By doing so, he has given license to three Rutgers professors to continue their attacks against Jewish students and the state of Israel.
Since Rutgers is a public university and a state actor, it is convenient for Dr. Barchi to fall back on the First Amendment’s right to free speech to “protect” the university and these professors. Dr. Barchi and the attorneys for Rutgers would like us to focus on these free speech aspects of the First Amendment. However, the right of free speech is not infinite or unfettered, and the Supreme Court has limited free speech where it leads to direct and imminent incitement to violence, fighting words, threats of violence, and false statements such as libel and slander.
Worse, Dr.
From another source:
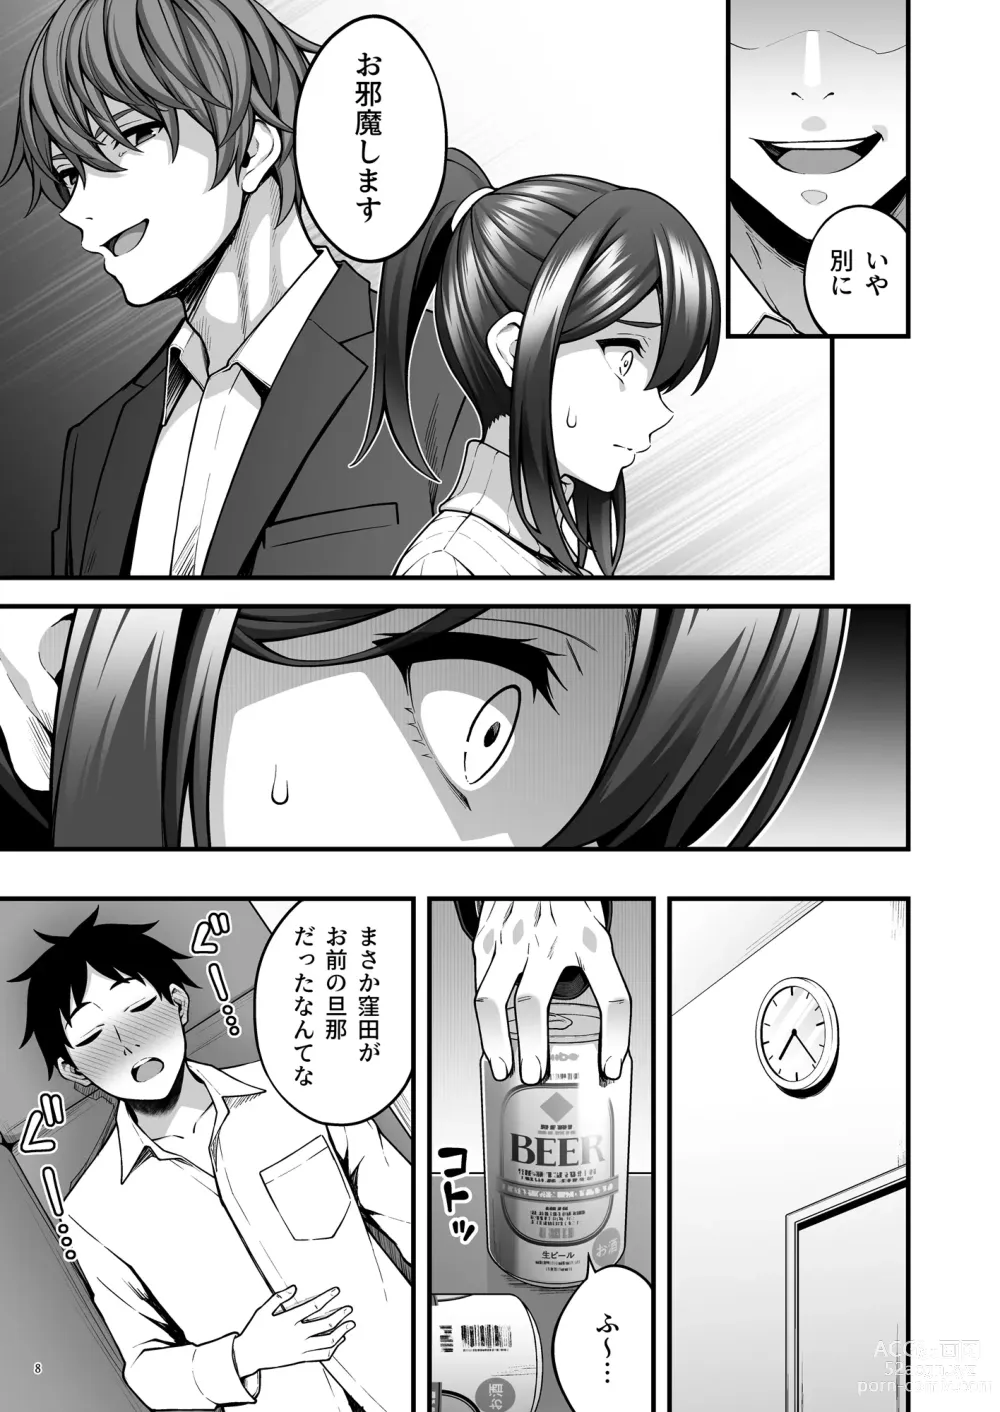 Page 9 of doujinshi 例え人妻になっても、躾けられた身体は快楽を忘れられない。
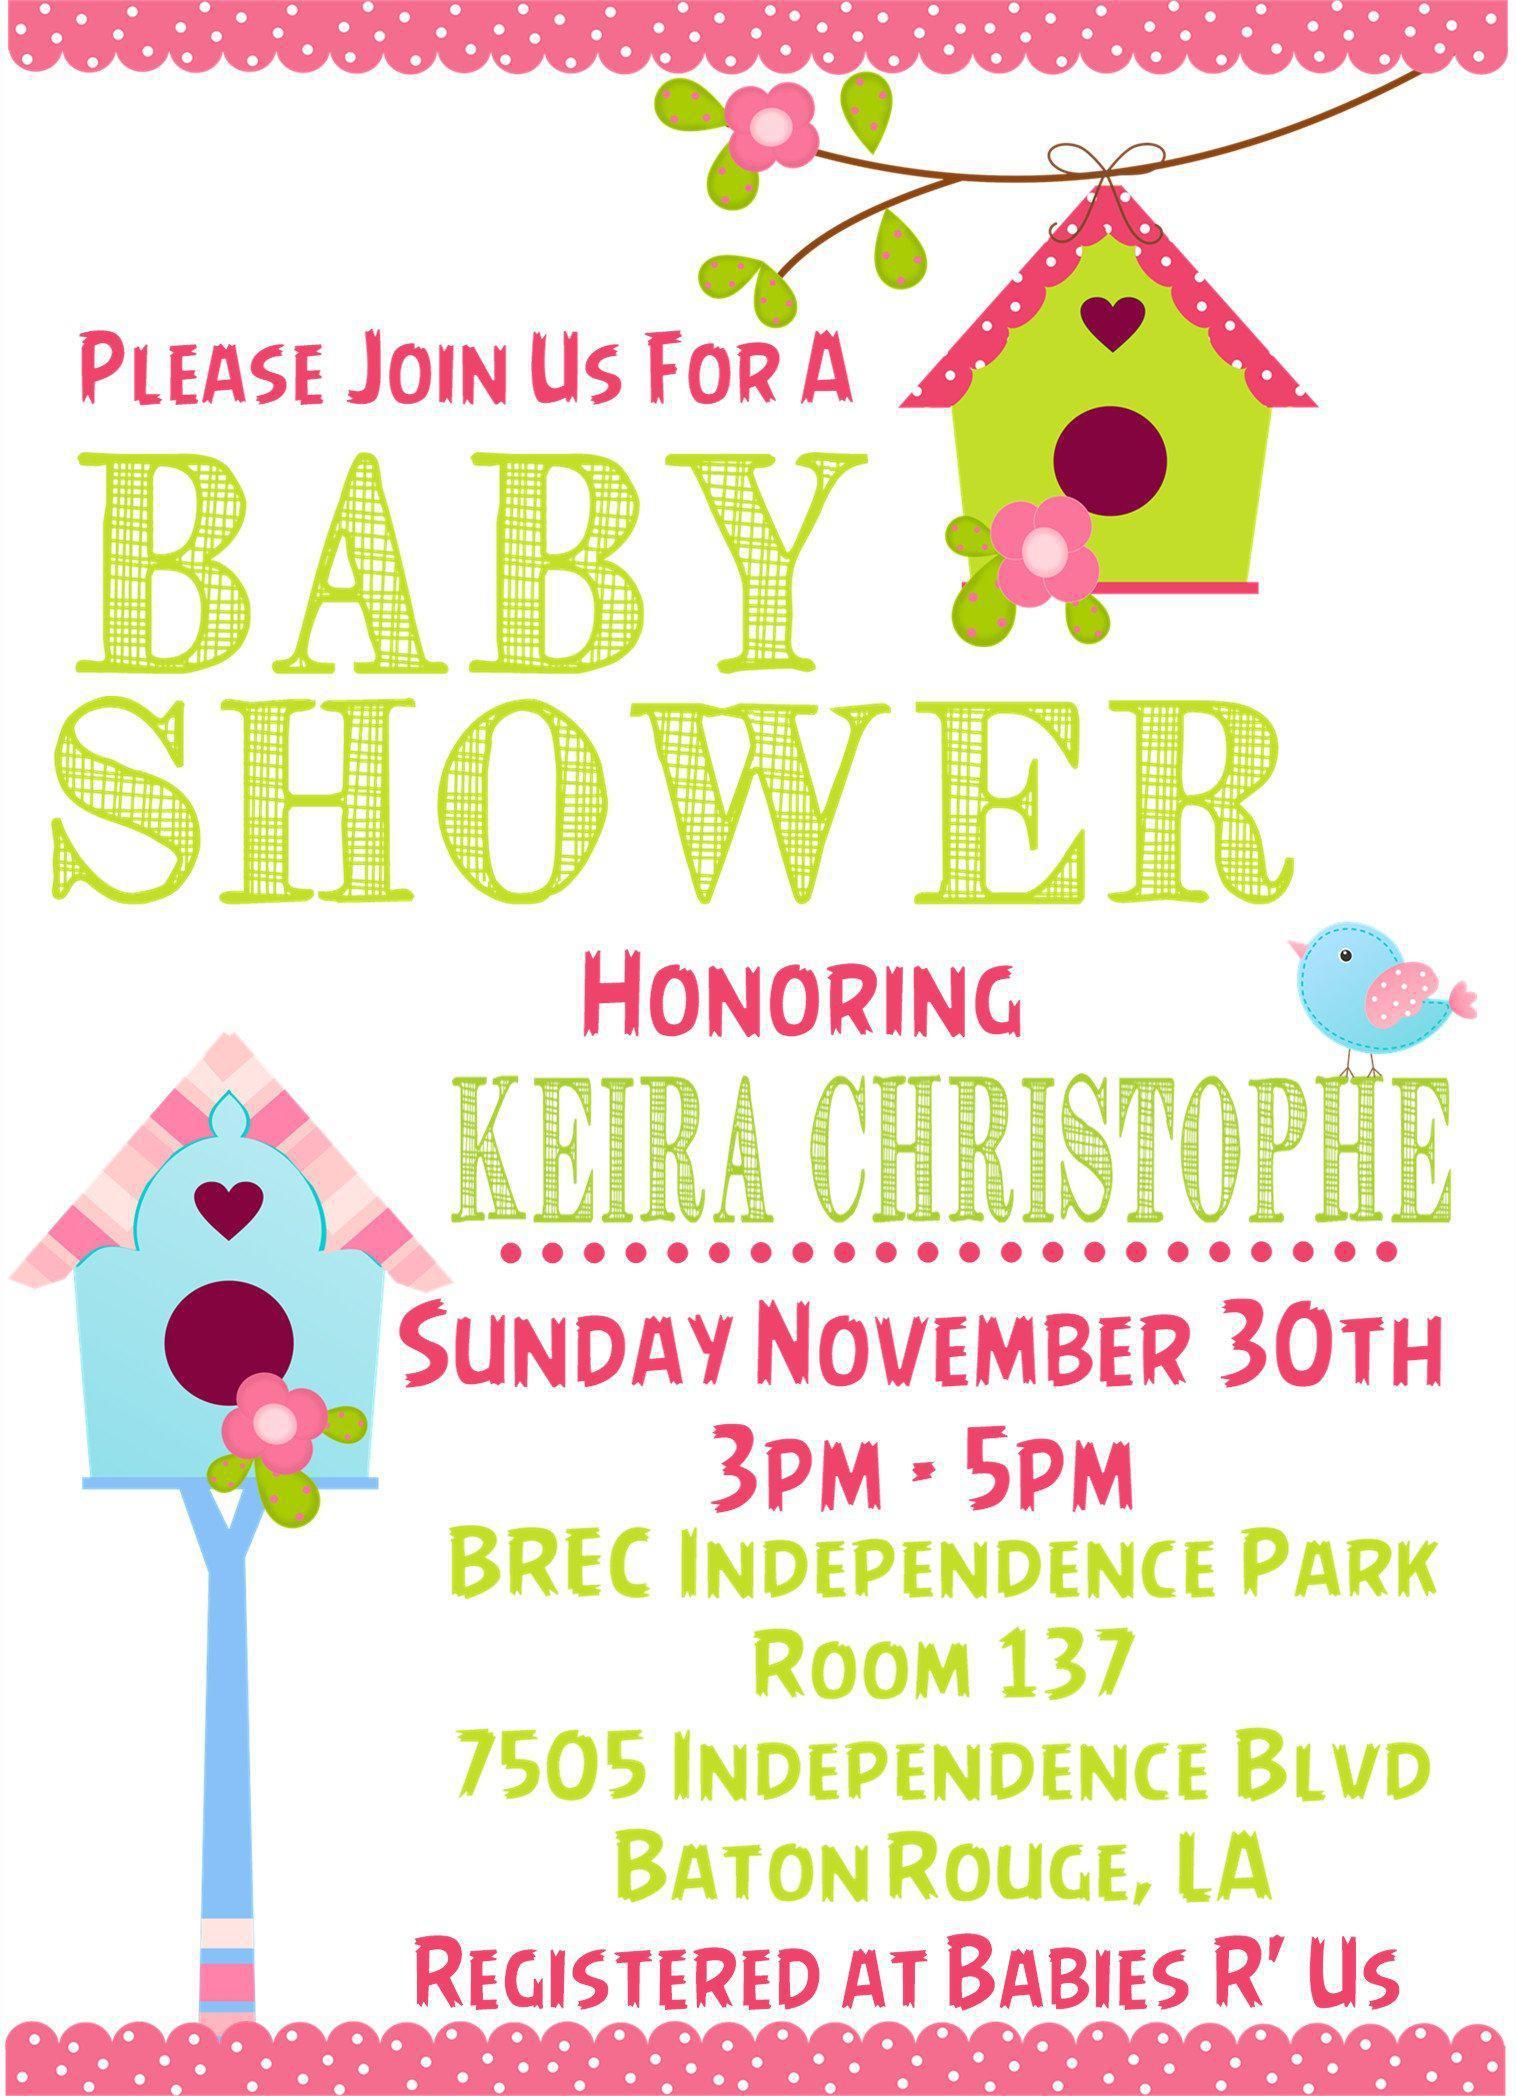 Spring Baby Shower Invitations

Barchi overlooks the more appropriate protections in our First Amendment of freedom of religion and the right of assembly. Rutgers is home to the largest university population of Jewish students in the United States. Religious services and social activities regularly take place at Chabad and at the newly completed Rutgers Hillel. Both Chabad and Hillel are in close proximity to the main campus of the university on College Avenue.
One of the offending professors refers to Judaism as the most racist religion in the world, prefaces comments about Jews with a vile and unprintable epithet, and calls Israel a terrorist state. Isn’t this a dog whistle to anti-Semites of all stripes to harass Jewish students, or worse, to create a hostile environment or indeed incite violence against Jews as they attend religious services or Jewish social or communal activities?
Why am I alarmed?
Intellectuals and people of good faith in western civilization and elsewhere believed that after the Holocaust the scourge of anti-Semitism had been eliminated or confined to a small, discredited fringe element of society. But events at Rutgers, the University of Virginia, and elsewhere remind us that anti-Semitism is back in a new and ugly guise. Anti-Zionist sentiment is the new code name for anti-Semitism. As French President Macron has warned us, France “will be uncompromising with anti-Zionism, because it is the reinvented form of anti-Semitism.” Having experienced Nazi occupation, the deportation of its Jewish citizens, and the collaboration of the Vichy government with Germany, President Macron has firsthand knowledge of the evils of anti-Semitism dressed up as anti-Zionism. Dr. Barchi, are you paying attention here? Do you want to be an aider and abettor of this new, thinly veiled, and dangerous anti-Semitism?
Further, and importantly, as a response to these events, Rutgers is not helpless in the face of this skewed and inappropriate misuse of the First Amendment. Professors Puar, Chikindas, and Adi are university employees. If a professor believed and promoted eugenics, or phrenology, or forced sterilization, or believed and promoted the idea that the world is flat, would he or she be a respected colleague, or indeed be eligible for continued employment at Rutgers?
Spewing falsehoods about Israel, Jews, gays, and females should raise serious questions as to whether or not these professors should continue to be employed in a community of serious scholars.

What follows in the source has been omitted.